In many tales the Golem is inscribed with magic or religious words that keep it animated. Writing one of the names of God on its forehead, a slip of paper in its mouth, or inscribed on its body, or writing the word Emet (אמת, “truth” in the Hebrew language) on its forehead are examples of such words. By erasing the first letter aleph in Emet to form Met (מת, “dead” in Hebrew, when the aleph letter א is cancelled) the golem could be deactivated.

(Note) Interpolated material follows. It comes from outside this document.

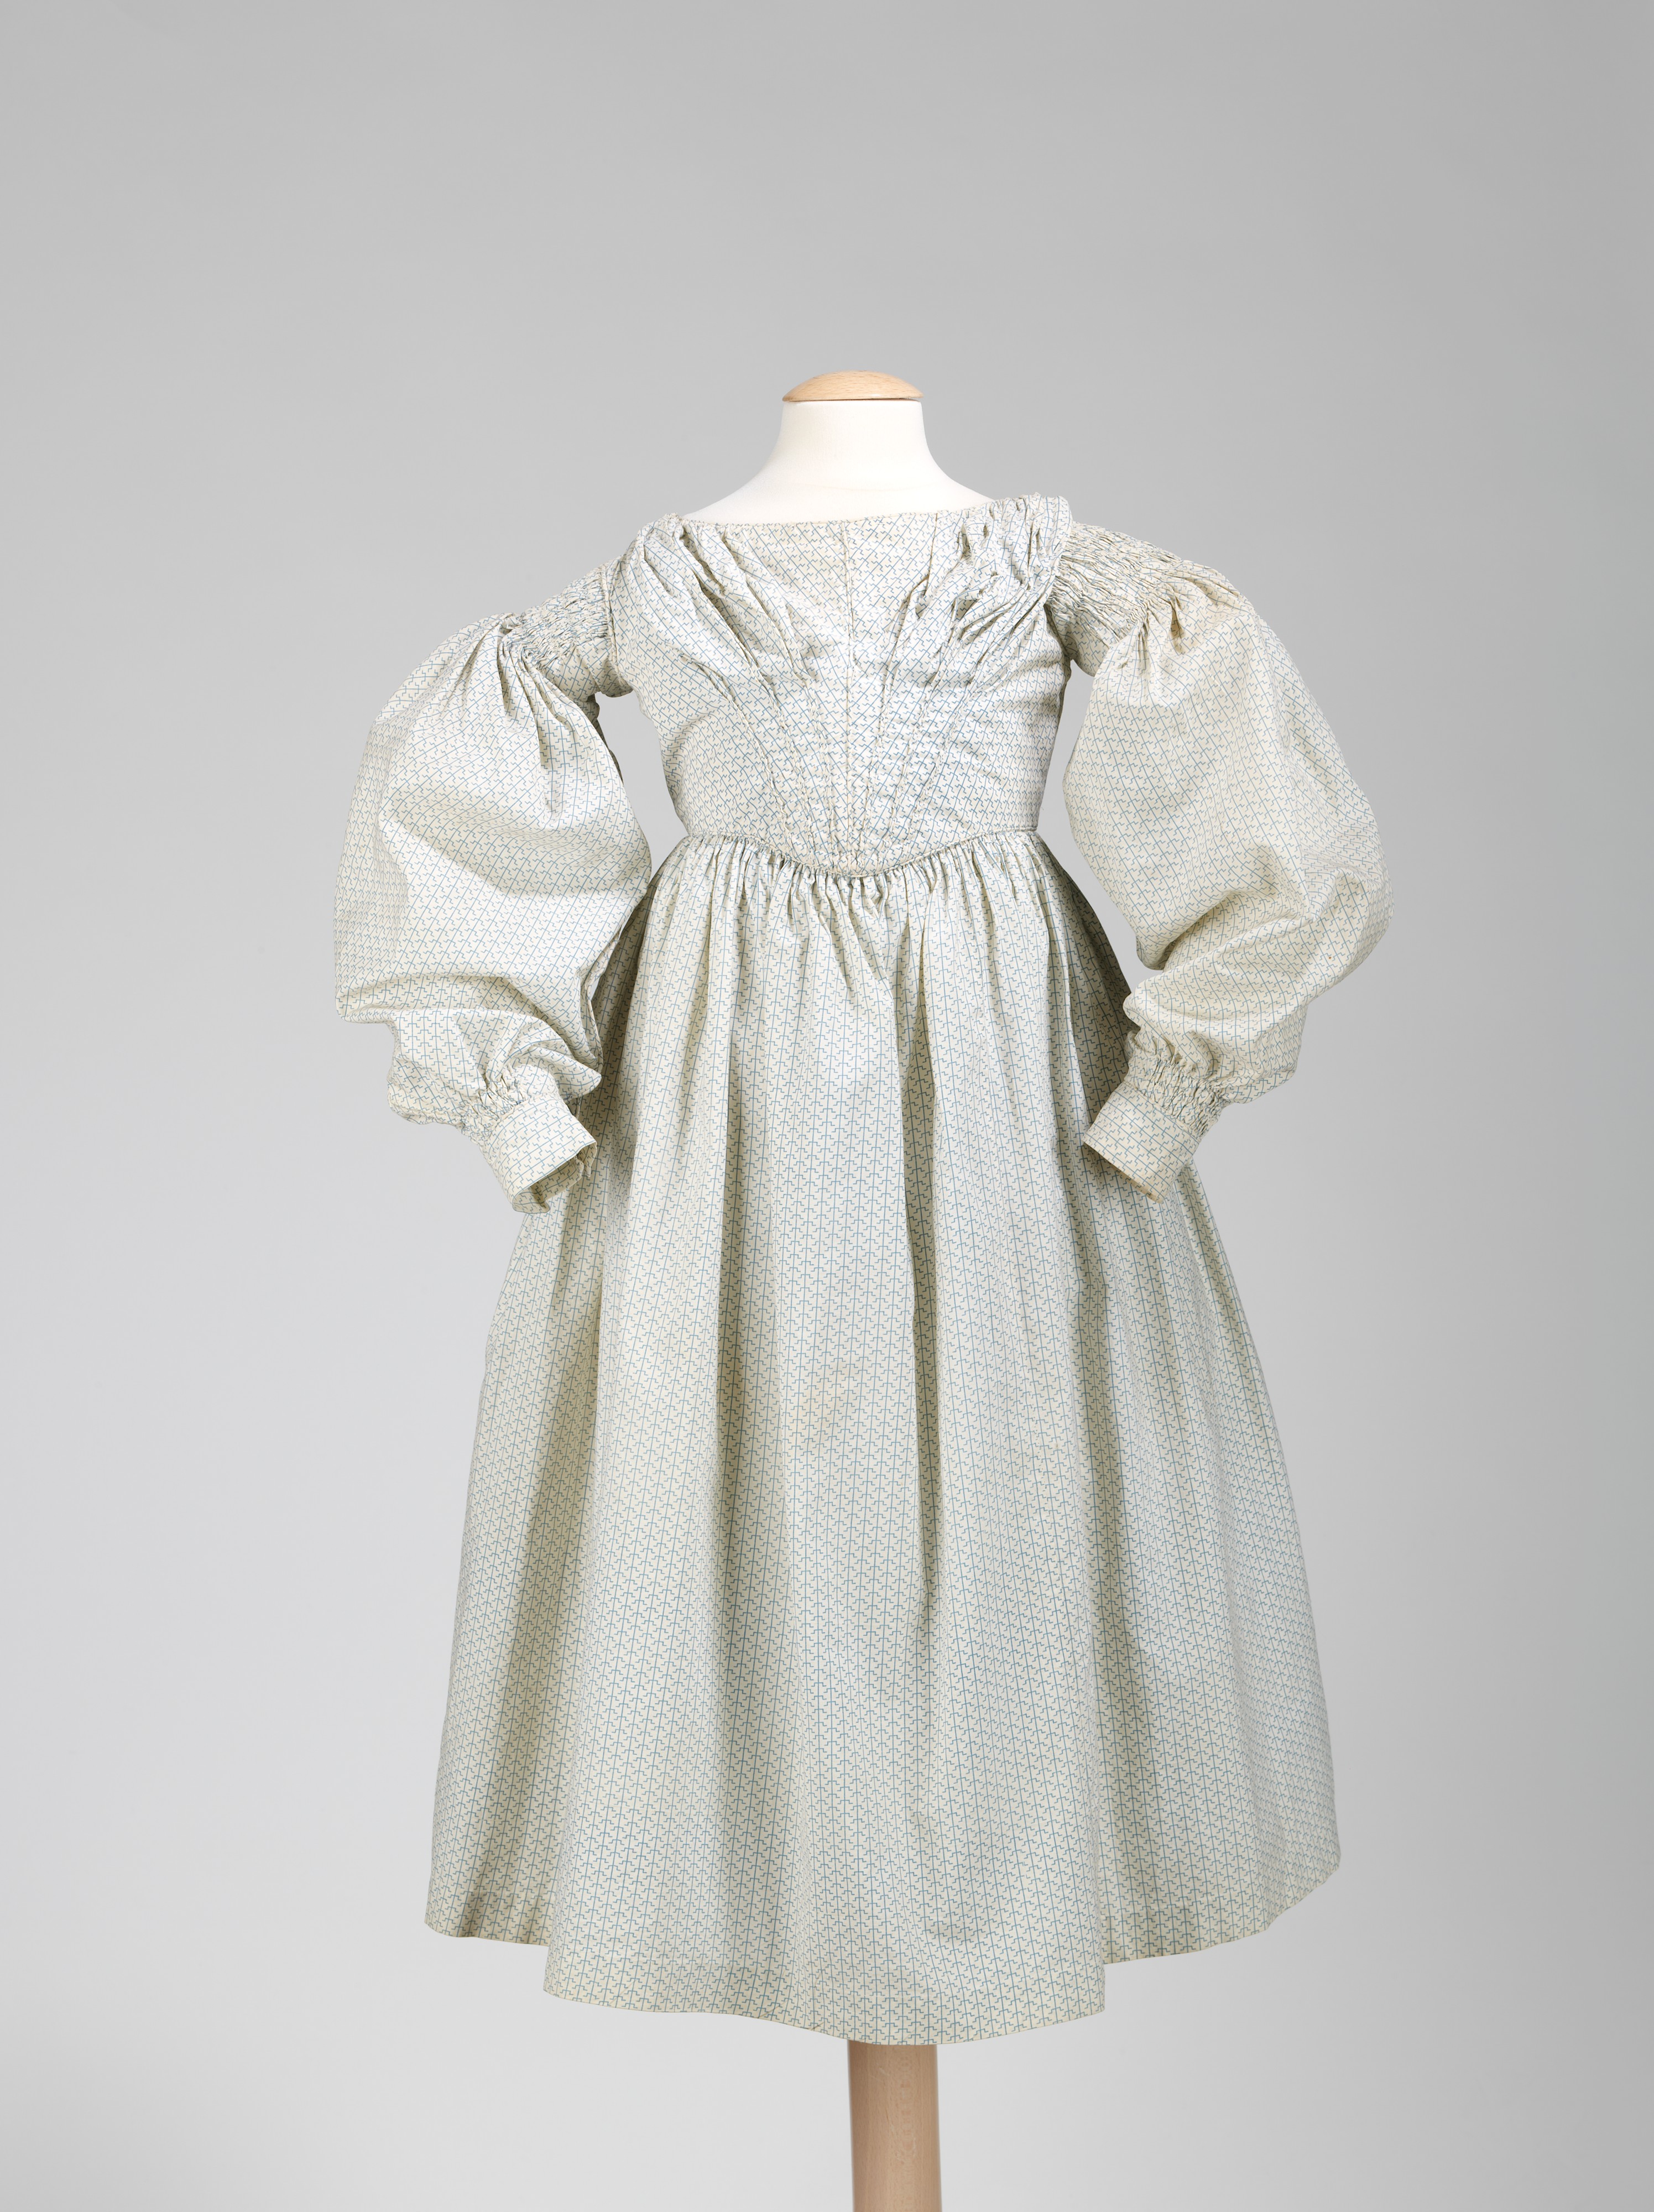 Платье с буфами на рукавах 19 век

Jewish culture continues this tradition with the Kabbalah’s search for the True Name of God. Other cultures also demonstrate this idea. In witchcraft, a demon is both summoned and controlled by speaking its name. In the Hindu tradition AUM is the sacred word that encompasses everything, and is the sole syllable upon which focus is kept during meditation. The idea is also reflected in more modern works, as clearly expressed in Ursula LeGuin’s A Wizard of Earthsea:

Ged sighed sometimes, but he did not complain. He saw that in this dusty and fathomless matter of learning the true name of each place, thing, and being, the power he wanted lay like a jewel at the bottom of a dry well. For magic consists in this, the true naming of a thing.

Or the so recently popular, Harry Potter, where Dumbledore advises Harry:

Call him Voldemort, Harry. Always use the proper name for things. Fear of a name increases fear of the thing itself.” (PS17)

But how does this relate to Computer Science? Being a very textual discipline, we have many conventions that relate to naming. In Computer Science, we have the ability to create virtual worlds, and thus we need systems of naming the objects within those worlds. At the Language level we see a focus on naming conventions:

  • Hungarian notation, in which variables have a prefix that describes their type, such as strName for a string, or pX for a pointer to X.
  • Fortran, which had an implicit typing scheme, where any names beginning with I, J, K, L, M, N were always integer and the rest were reals.
  • The Ruby on Rails framework, which has the ability to automatically map a model named “Person” to the “people” table in the database just by name inspection.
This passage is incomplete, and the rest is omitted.